First don't get me wrong since I make curry dishes every week but I got the feeling somehow they all end up tasting the same. I mean almost every Indian recipe more or less goes something like this:
1. curry
2. paprika
3. cumin
4. cayenne pepper
5. then either yogurt or coconut milk
6. then mixing with chicken or lamb(since Indian don't eat red meat).

Maybe my cooking skills are not good enough but anyway that's my opinion.


----------



## Pat Pat (Sep 26, 2017)

Your recipes seem very simplified.

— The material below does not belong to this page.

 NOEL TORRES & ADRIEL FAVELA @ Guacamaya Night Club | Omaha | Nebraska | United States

No wonder they all taste the same.

What differentiates the dishes is the "curry".

"Curry" can be a combination of a number of spices in various proportions.

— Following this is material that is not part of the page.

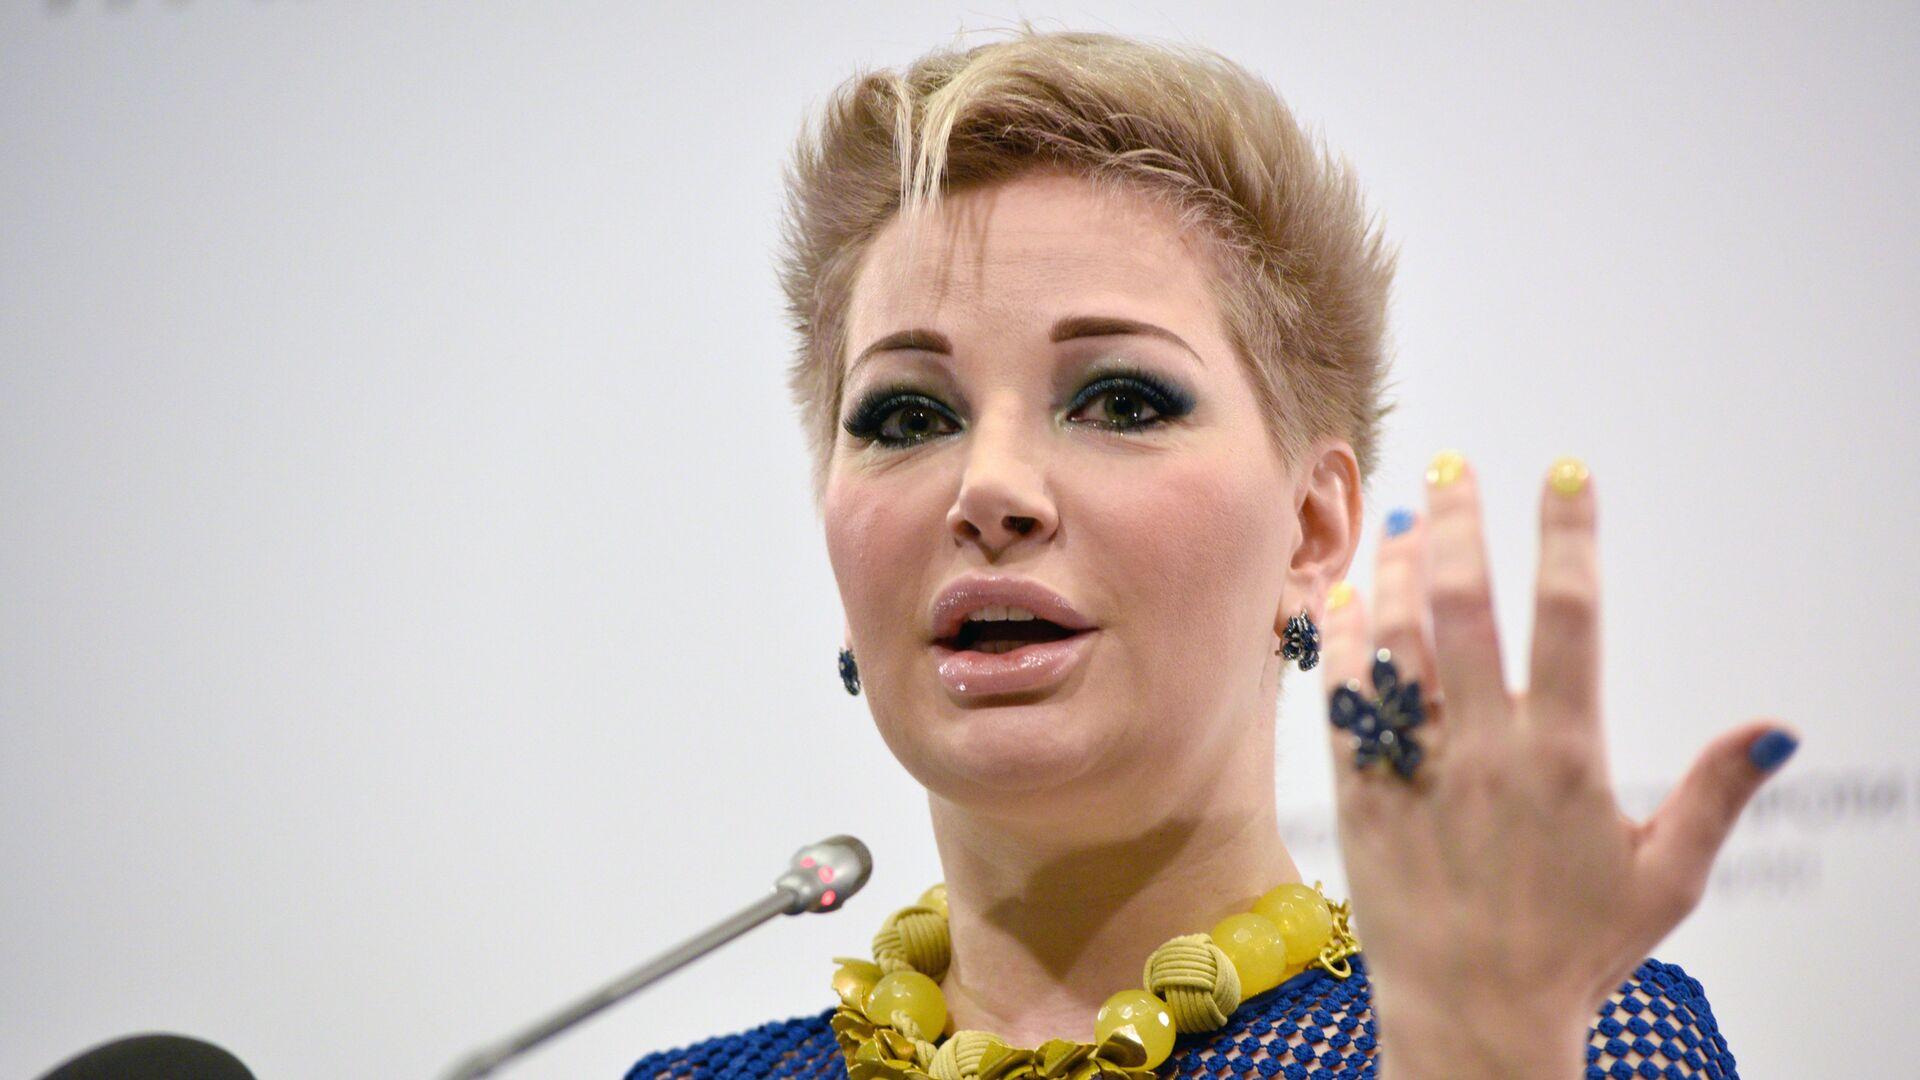 Оперная певица Мария Максакова - РИА Новости, 1920, 02.02.2021

It's what defies the taste profile of a dish.


----------



## peachcreek (Sep 21, 2001)

Its you.


----------



## brianshaw (Dec 18, 2010)

It may not be your skills so much as breadth of knowledge. Indian food is just as regional as is Italian, French, American, British, Chinese, Korean, Vietnamese, Swiss, and probably a few more that I failed to mention. Get more familiar with the variety of regions for a better experience.


----------



## John Swift (Feb 26, 2018)

Pat Pat said:


> Your recipes seem very simplified. No wonder they all taste the same.
> 
> What differentiates the dishes is the "curry".
> 
> ...


I bought my curry from Target. I mean how can one differentiate different type of curry? It's hard for me to understand the entire dish can be made different with just one single ingredient, in this case it's the curry. But then again, my cooking skills are fairly basic. I haven't got to that last 5%.
When comparing other world cuisines, either Italian, French, Asian, there are a lot of differentiation among different type of dishes. But IMHO, Indian cuisine is just like curry, curry, curry ... But then again, don't get me wrong, not that I don't like it. I make curry dishes like every other week.


----------



## brianshaw (Dec 18, 2010)

https://www.google.com/search?clien...j20..........1.......3..41j0i131.Z8IpGtEcg+4=


----------



## cheflayne (Aug 21, 2004)

Look up Nadan beef curry. It has none of the ingredients you listed.


----------



## phatch (Mar 29, 2002)

There is certainly some common flavors. But there is plenty of variety of you get past curry powder.


----------



## John Swift (Feb 26, 2018)

cheflayne said:


> Look up Nadan beef curry. It has none of the ingredients you listed.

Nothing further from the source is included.